**WHAT THIS TASK INVOLVES**
Line by line, repeat the material below exactly and skip the images.

**RECORDED DATA**
------------------------------------

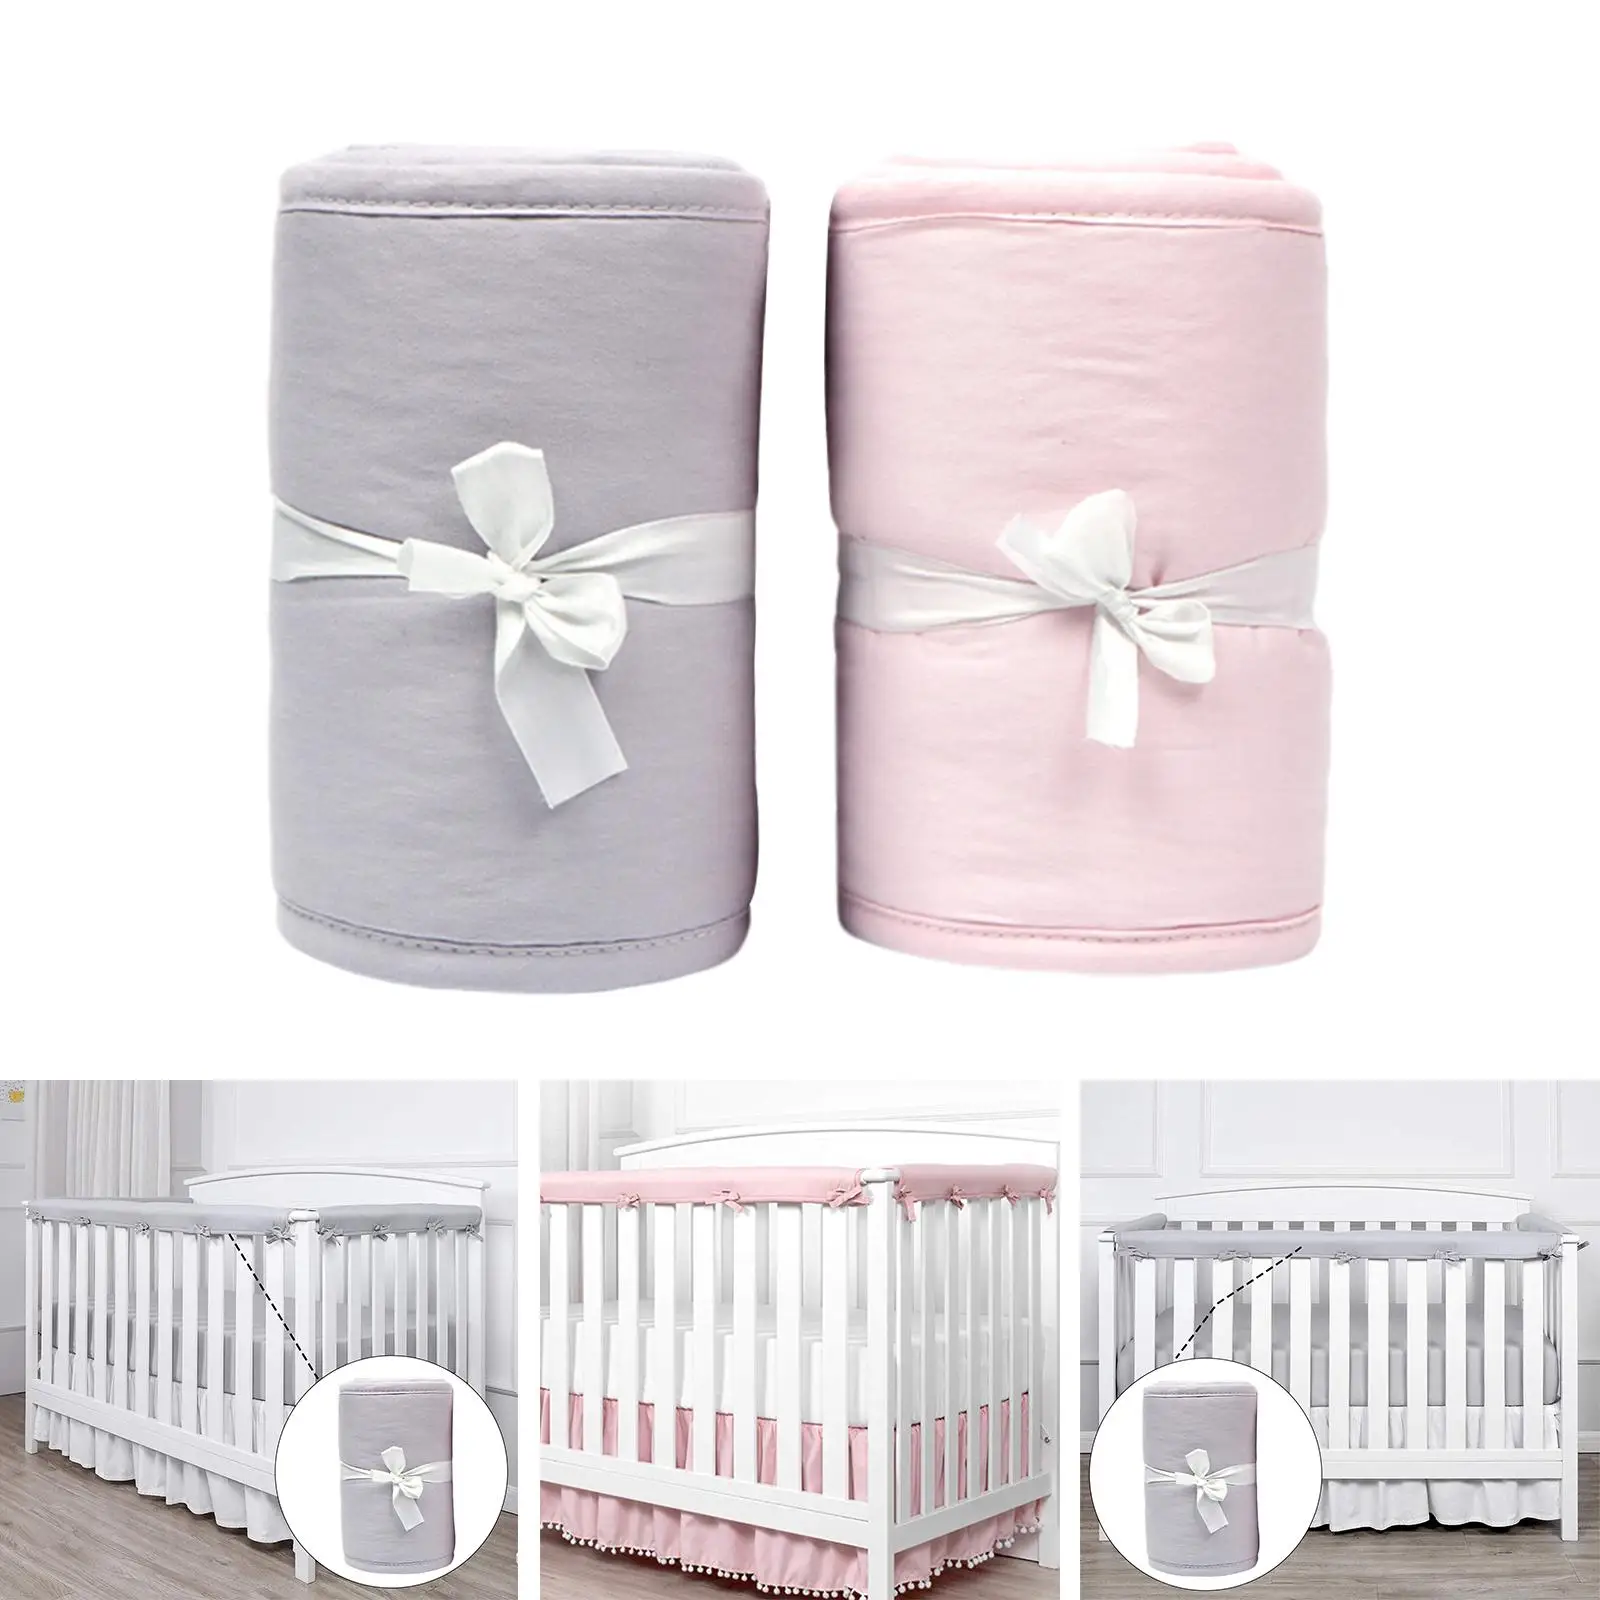 3 Pieces Baby Crib Rail Cover Baby Safety Products Cotton for Fence Infants
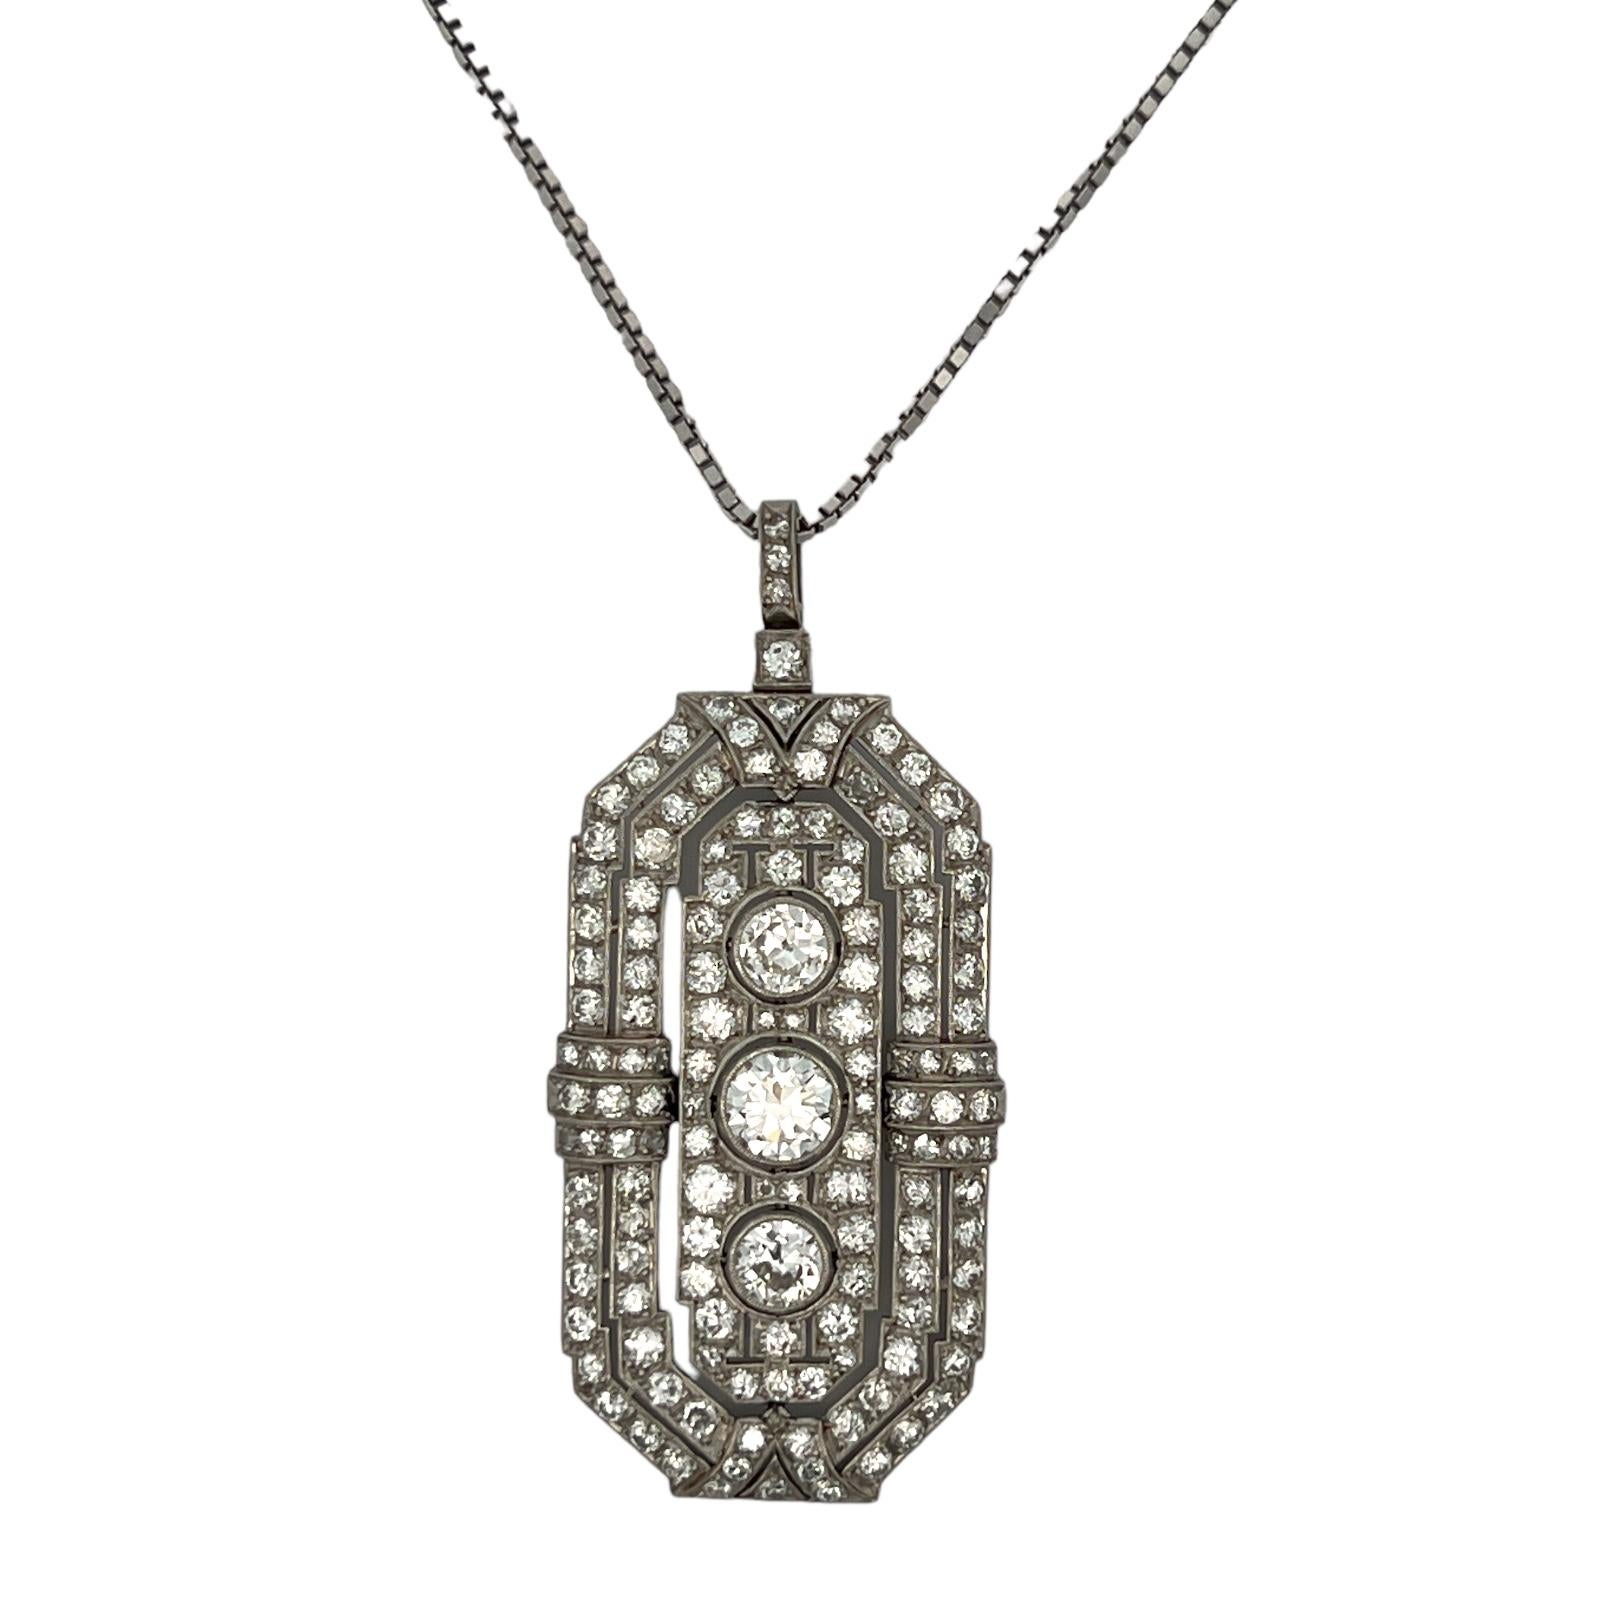 Original Art Deco diamond pendant handcrafted in platinum. The statement pendant features a center Old European cut diamond weighing approximately 1.22 carats. Two Old European diamonds weigh 1.16 CTW, and approximately 3.75 CTW in side diamonds
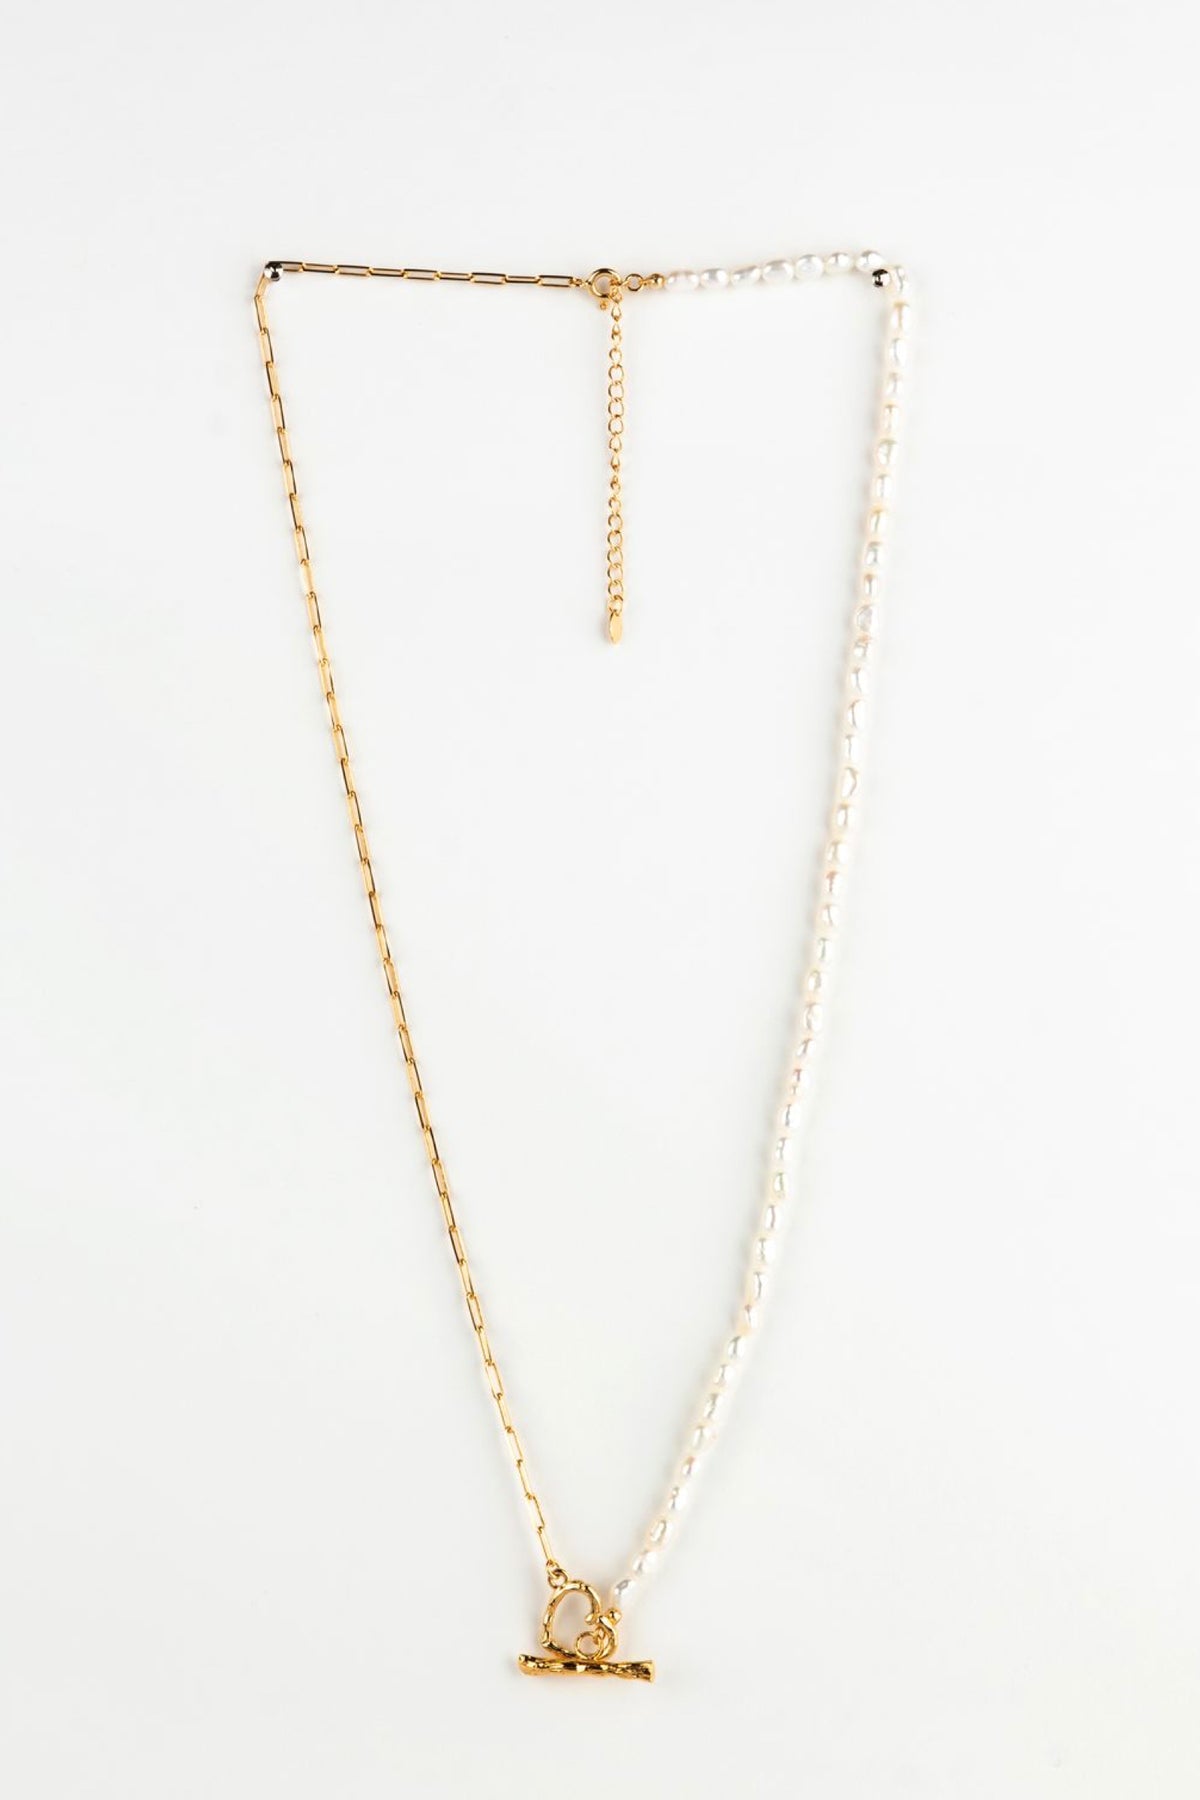 Half Gold Chain/Pearls Fob Necklace

------------------------------------

**RESPONSE**
 3 Pieces Baby Crib Rail Cover Baby Safety Products Cotton for Fence Infants
 Original Art Deco diamond pendant handcrafted in platinum. The statement pendant features a center Old European cut diamond weighing approximately 1.22 carats. Two Old European diamonds weigh 1.16 CTW, and approximately 3.75 CTW in side diamonds
 Half Gold Chain/Pearls Fob Necklace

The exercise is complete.